-------- Given information --------
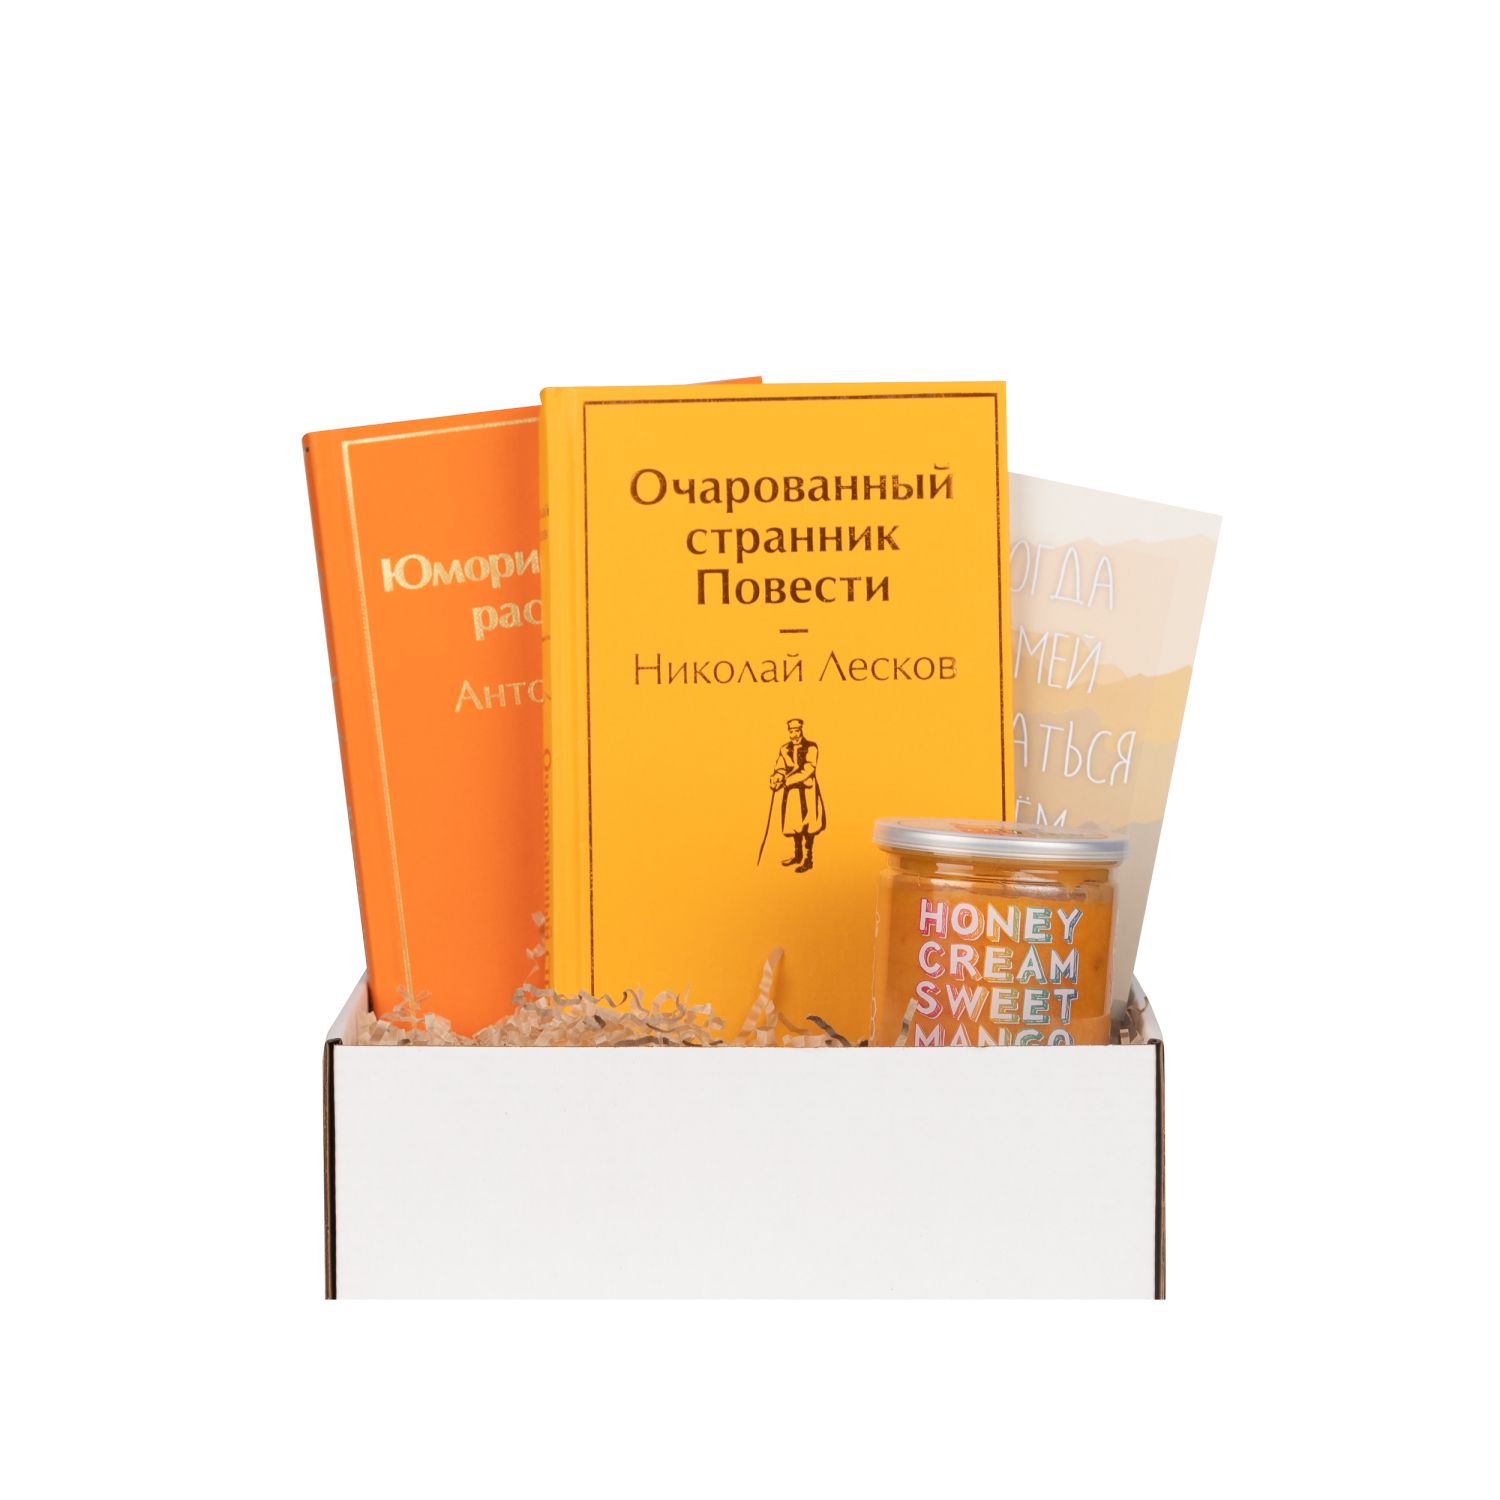 Подарочный набор с книгами «Юмористические рассказы», «Очарованный странник» и кремовым медом
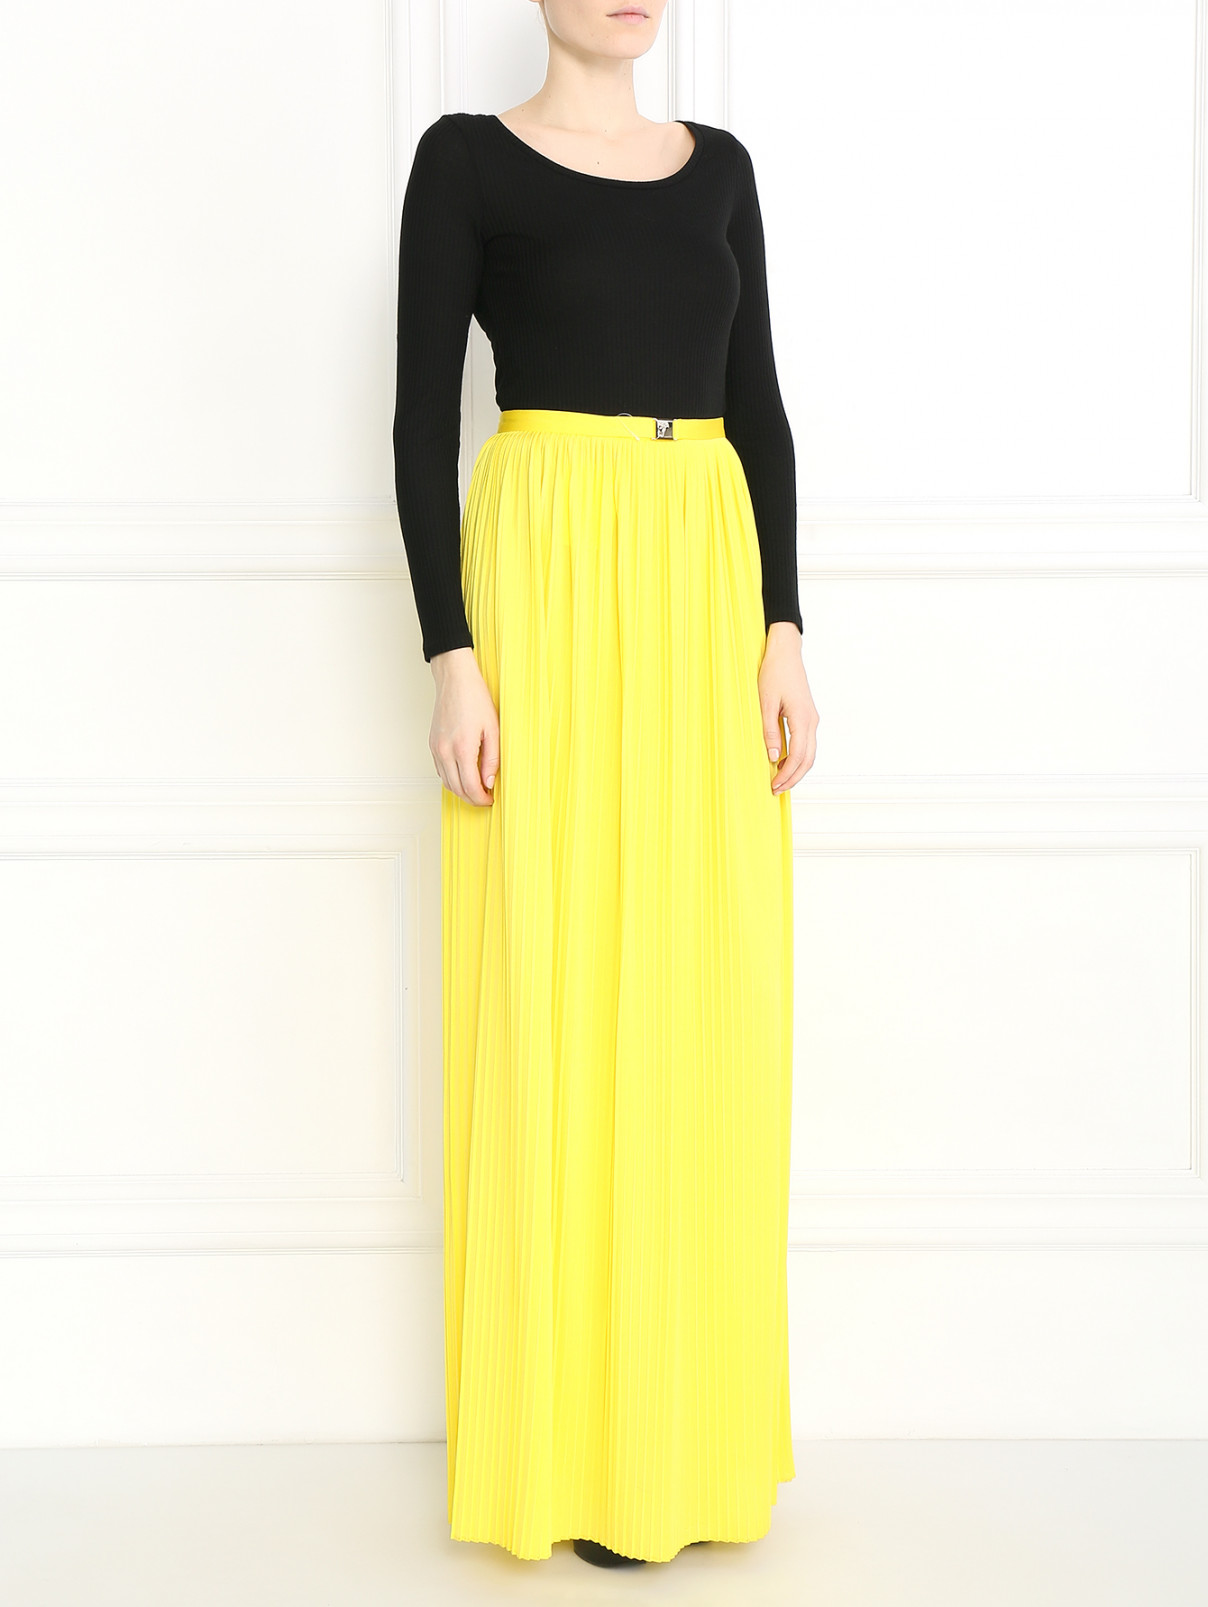 Плиссированная юбка-макси с металлической фурнитурой Versace Collection  –  Модель Общий вид  – Цвет:  Желтый
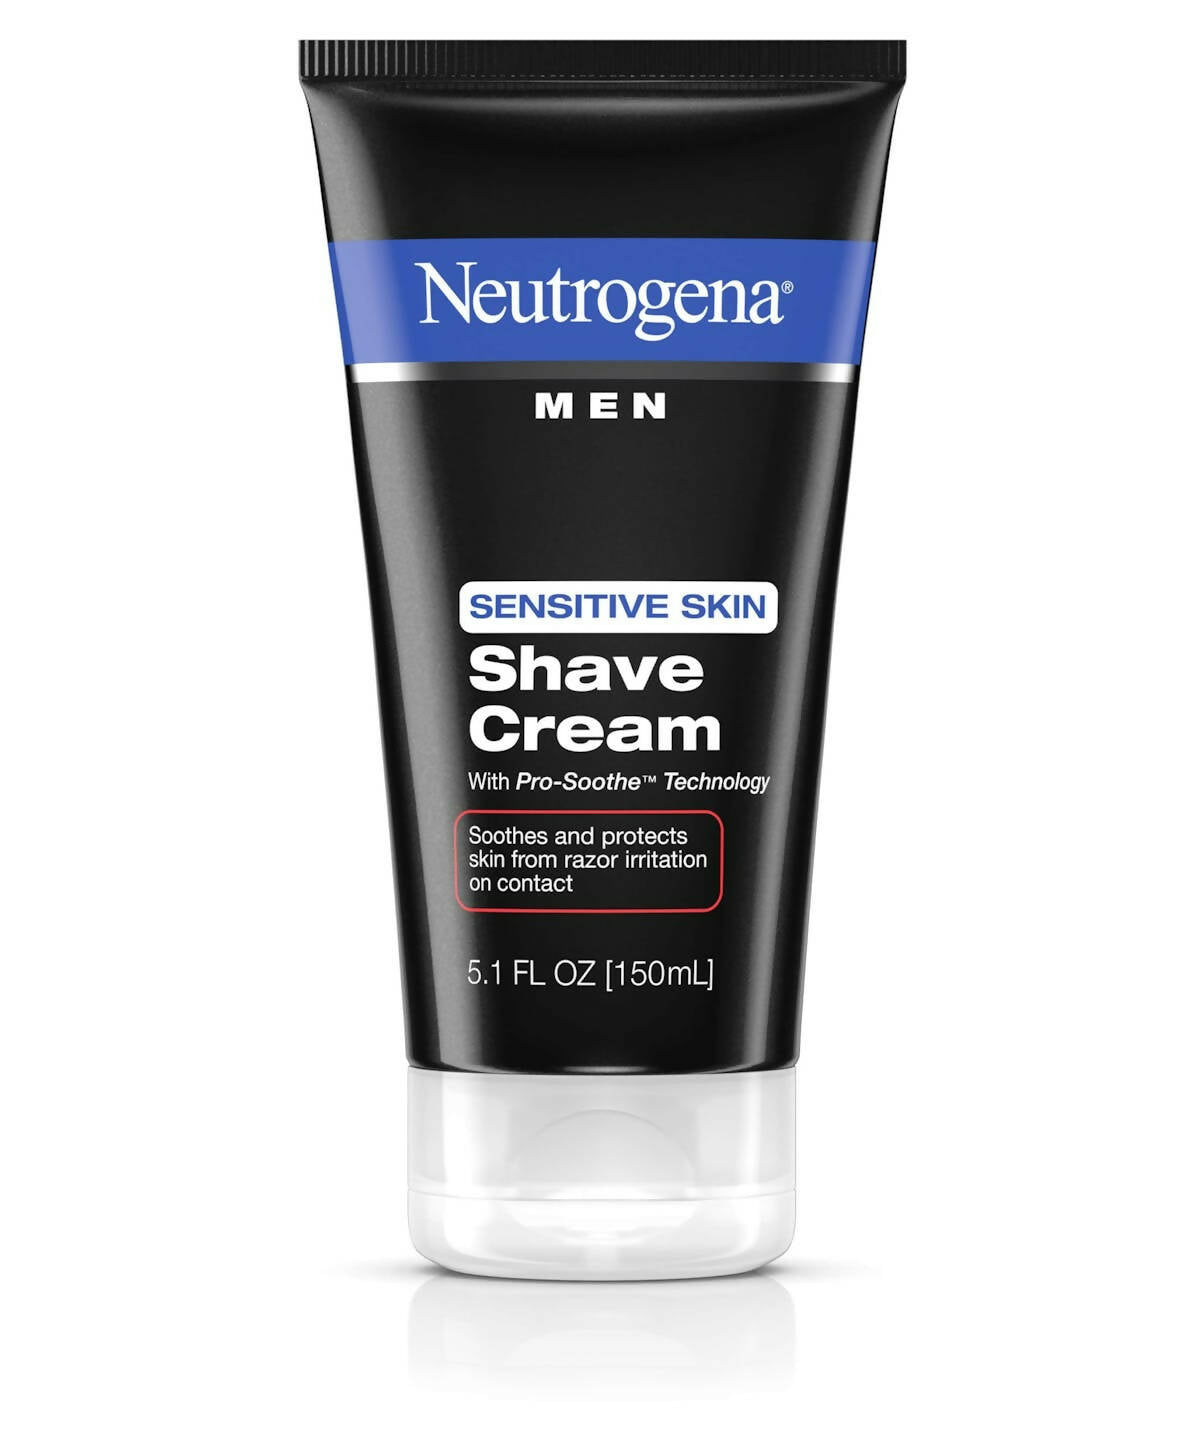 Neutrogena Men Sensitive Skin Shave Cream - Distacart
--------
[Task instructions]
Each line above should be written out again unchanged; no images are to be carried over.

[Written answer]
 Подарочный набор с книгами «Юмористические рассказы», «Очарованный странник» и кремовым медом
 Плиссированная юбка-макси с металлической фурнитурой Versace Collection  –  Модель Общий вид  – Цвет:  Желтый
 Neutrogena Men Sensitive Skin Shave Cream - Distacart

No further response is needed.